When he’d first entered the New West Pier, everything was sleek and serene and silver and white. Then the mask fell away and he glimpsed the soul of the New Anglicans. Joining them was like joining a pack of wild animals. Fucking autistic retard, she’d called him—their own Archbishop, in her own Cathedral, right in front of the altar. He thought What are they? Are they still a Church? Or a corporation? Or a political movement? Have the last two identities consumed the first? They had the wealth and slickness of a religious cult, but their teachings weren’t so silly. The wealth and slickness of a major business corporation, but they practiced social responsibility. The wealth and slickness of a crime syndicate, but they stood for things rather more worthwhile.
He mentally shrugged. Containers and contents. Surface and substance. In the next few days he’d learn more about what was really inside them. For now, he knew for certain that everything about them, their very organisation and culture, was different to any other Church.

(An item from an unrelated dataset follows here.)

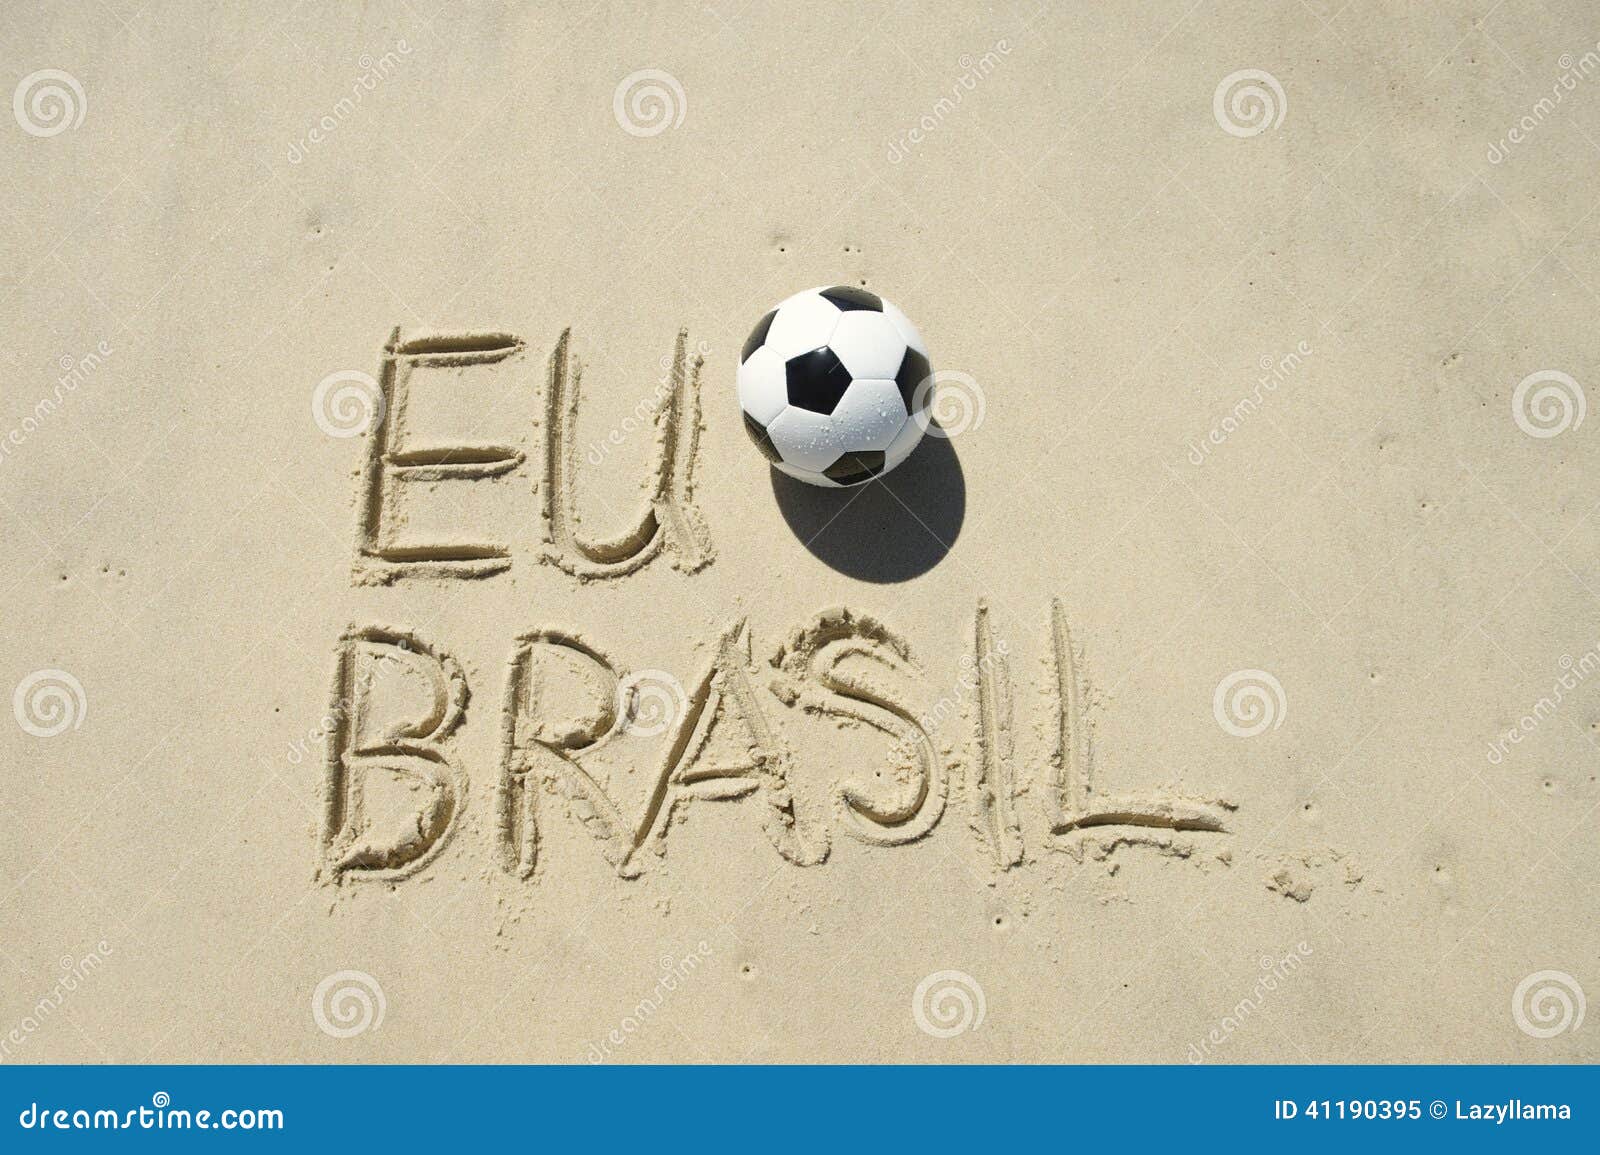 i football brazil sand message

They were to other Churches what Rafiq’s UNEX was to the old UN.
He continued to watch the sunset, and listen to the sea and the noises from the Brighton shoreline, two miles away; and the cries of the gulls, riding the air currents above the skyline of the Cathedral complex. He reflected on what had happened. He’d fought differently, with less caution, and it had worked. Twenty-two seconds wasn’t bad. And then there was Gaetano. And Bayard, and Proskar and the others. And something else, which made all the rest seem commonplace.
“Christ!” he whispered. “I’ve just fucked an Archbishop!”
FOUR: SEPTEMBER 2060
1
Many unusual things arrived daily at Fallingwater, but the object which arrived one morning in late September, two days after Chulo Asika had agreed to find Levin, was particularly unusual. It was a handwritten letter, ink on paper, addressed to Rafiq. Postage was a niche product, used mostly to make a fashion statement or as irony, and this letter had actually been sent through the post. There was an envelope, with a handwritten address, and even a postage stamp and post-mark. Opatija, Croatia. REDGOD: Recorded Express Delivery Guaranteed One Day.
Rafiq was told of its arrival, but it was exhaustively analysed before he even saw it. Unsurprisingly it revealed no DNA, fingerprints or other residual traces, other than those belonging to postal staff. The paper on which it was written was expensive, but not exclusively so. Obtainable at better-class stationery retailers worldwide. So was the envelope, whose weave matched that of the paper; it was self-sealing and bore no trace of saliva at the seal. Whoever had written and sent it had touched neither envelope nor paper with an ungloved hand. The person who had signed the Recorded Delivery forms at the post office in Opatija had paid cash and given a false name and address. He left no traces on the forms he signed. Staff remembered a stockily built male, fortyish, with no unusual features. The post office’s CCTV wasn’t working.